Strobes - 1 year ago 76

Java Question

So I have a MergeSort algorithm and I want to combine MergeSort with Insertion sort to reduce the overhead of merging, the question is how? I want to sort the segments using insertion sort and then merge.
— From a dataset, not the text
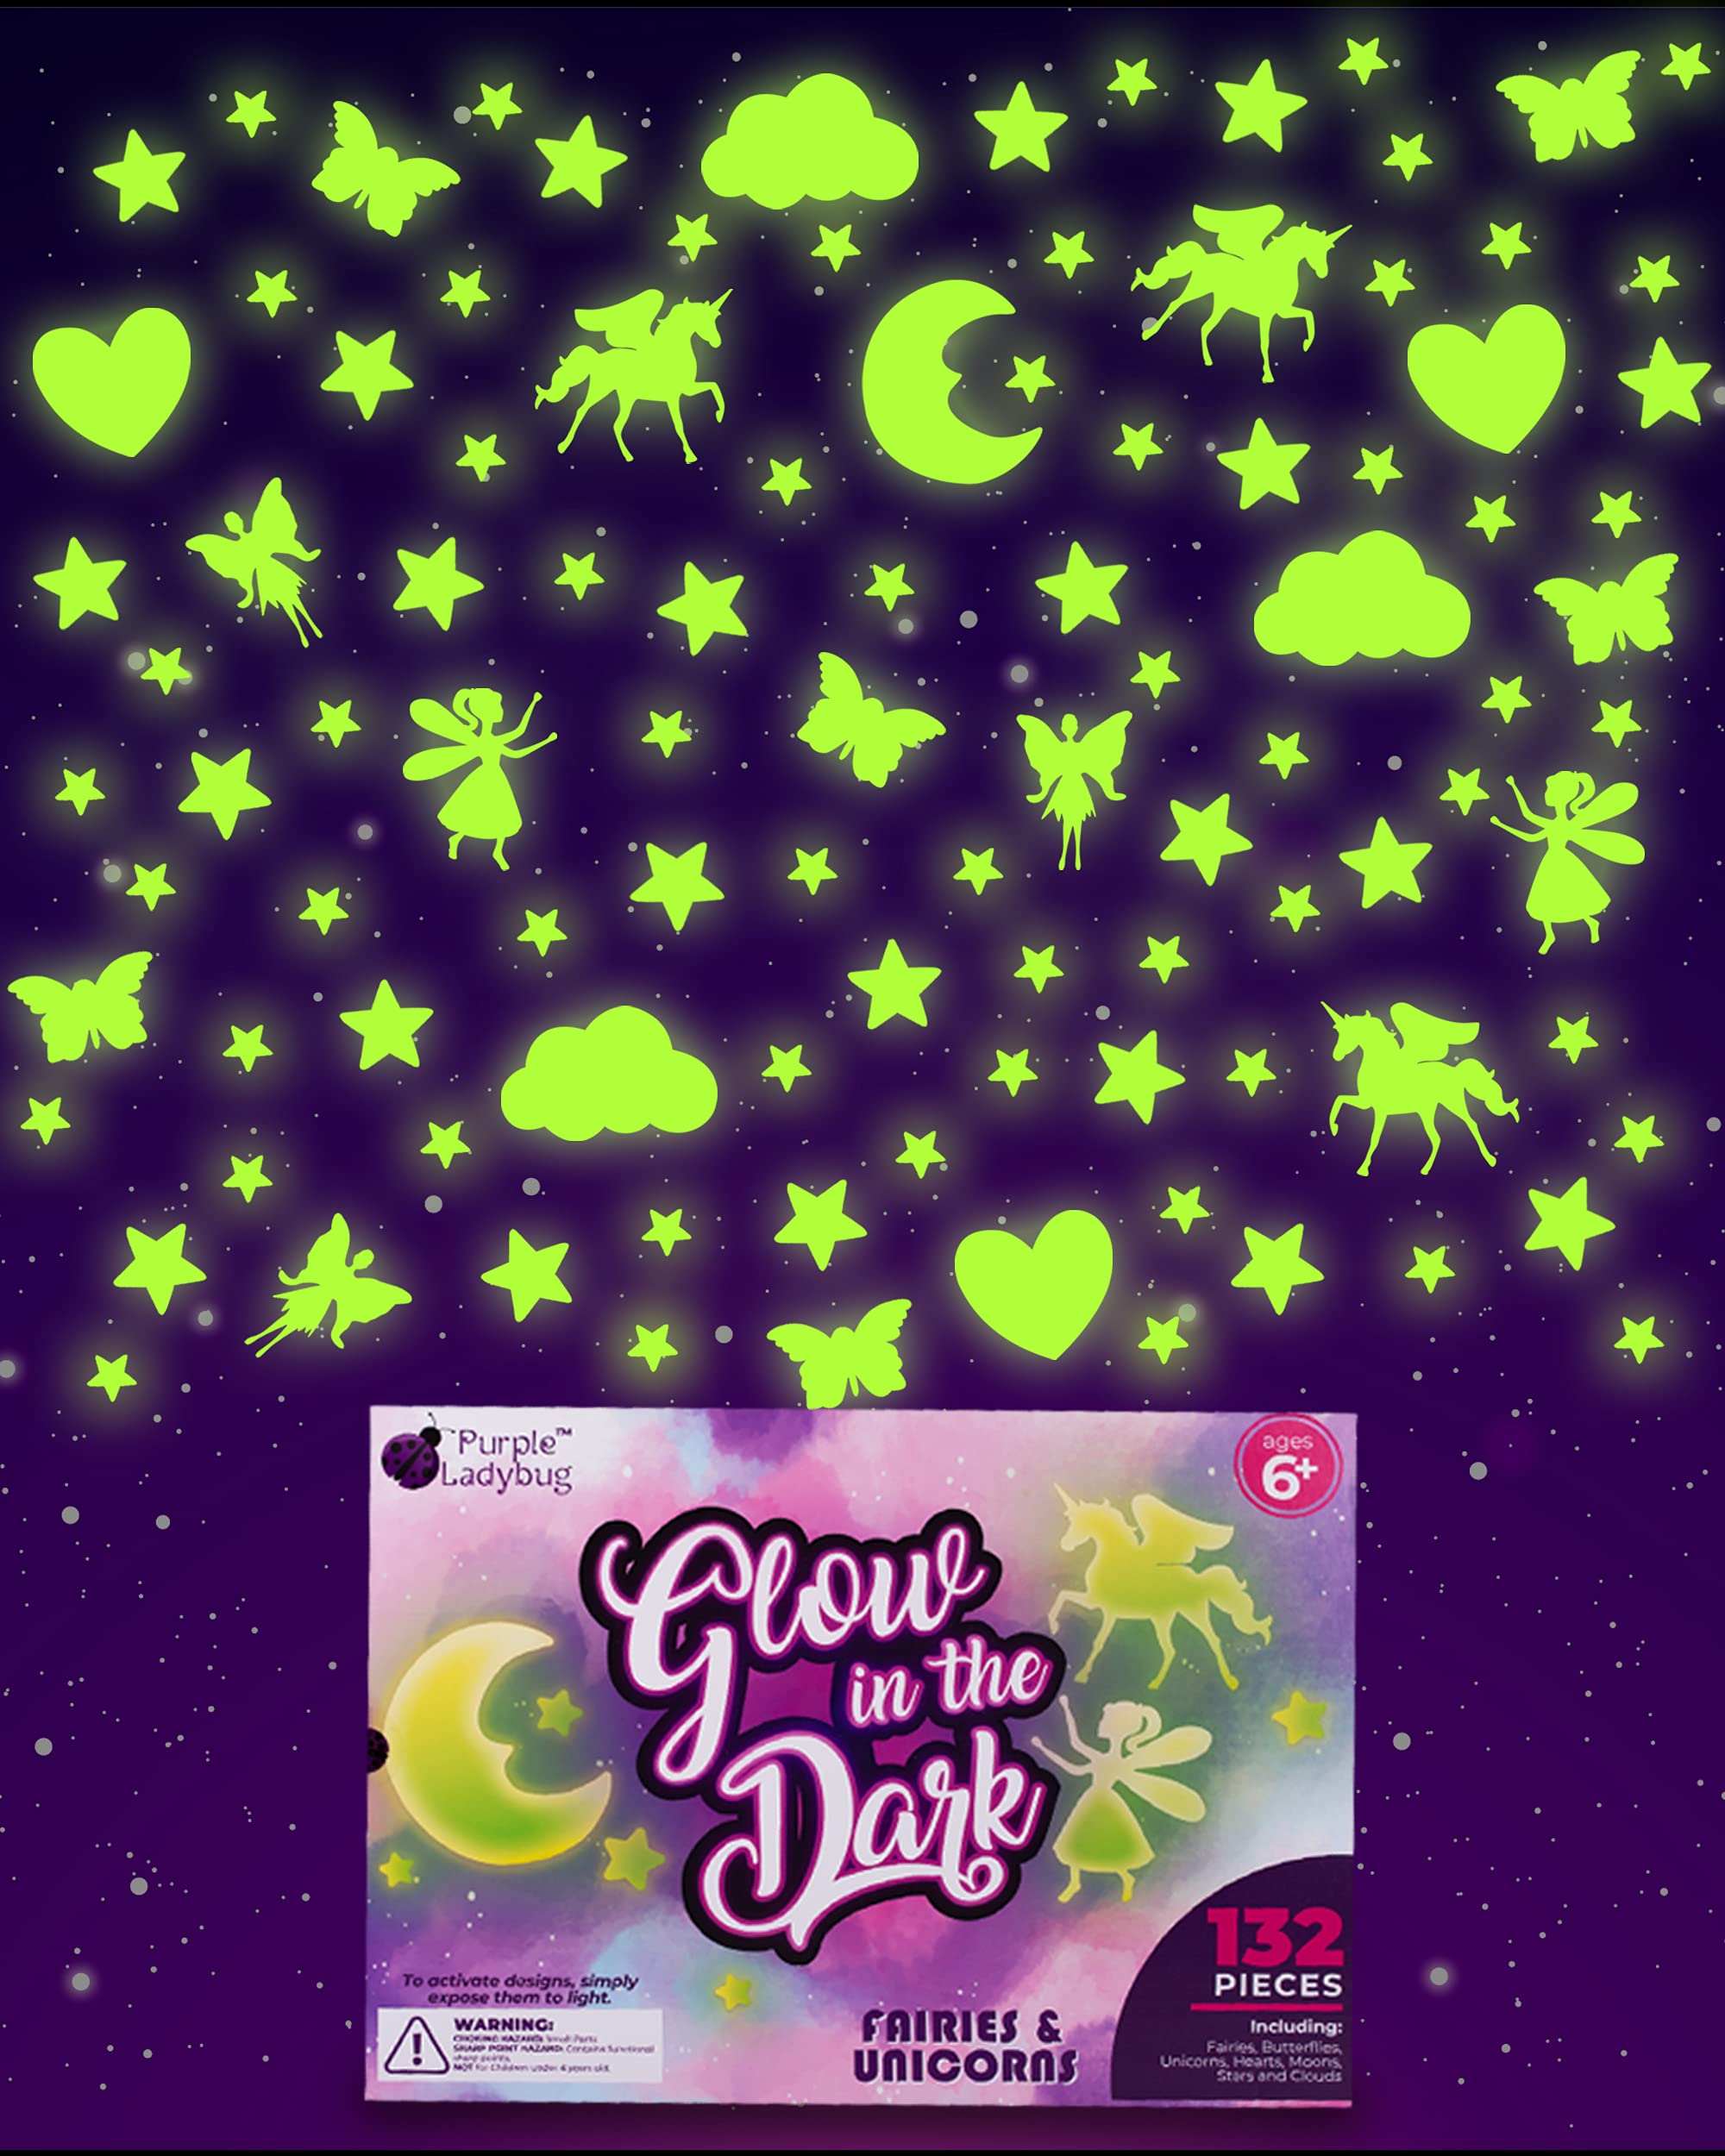 Purple Ladybug 132 Pieces of Glow in The Dark Stars, Unicorns, Fairies, Butterflies, & More - Great Accessories for Girls Bedroom, No Mess Ceiling & Wall Décor for Kids Room, Cool Birthday Girl Gifts

`public class mergesorttest{`

public static void main(String[]args){

int d[]= {10,2,3,4,5,6,5,4,3,5,6,7,1};

mergeSort(d,0,d.length);

for(int x:d) System.out.print(x+" ");

System.out.println();

}

static void mergeSort(int f[],int lb, int ub){

//termination reached when a segment of size 1 reached -lb+1=ub

if(lb+1<ub){

int mid = (lb+ub)/2;

mergeSort(f,lb,mid);

mergeSort(f,mid,ub);

merge(f,lb,mid,ub);

}

}

static void merge (int f[],int p, int q, int r){

//p<=q<=r

int i =p; int j = q;

//use temp array to store merged sub-sequence

int temp[] = new int[r-p]; int t = 0;

while(i<q && j<r){

if(f[i]<=f[j]){

temp[t] =f[i];

i++;t++;

}

else{

temp[t] = f[j];

j++;

t++;

}

//tag on remaining sequence

while(i<q){

temp[t] = f[i];

i++;

t++;

}

while(j<r){

temp[t]=f[j];

j++;

t++;

}

//copy temp back to f

i=p;t=0;

while(t<temp.length){

f[i]=temp[t];

i++;

t++;

}

}

}

}

`public static void insertion_srt(int array[], int n, int b){`

for (int i = 1; i < n; i++){

int j = i;

int B = array[i];

while ((j > 0) && (array[j-1] > B)){

array[j] = array[j-1];

j--;

}

array[j] = B;

}

}

Answer Source

The merging automatically takes care of sorting the elements. However, one can sort using insertion sort when the list gets below some threshold:

```
static final int THRESHOLD = 10;
static void mergeSort(int f[],int lb, int ub){
if (ub - lb <= THRESHOLD)
insertionSort(f, lb, ub);
else
{
int mid = (lb+ub)/2;
mergeSort(f,lb,mid);
mergeSort(f,mid,ub);
merge(f,lb,mid,ub);
}
}
```

Doing anything other than this (except playing around with the threshold a little) will **increase** the time taken by merge sort.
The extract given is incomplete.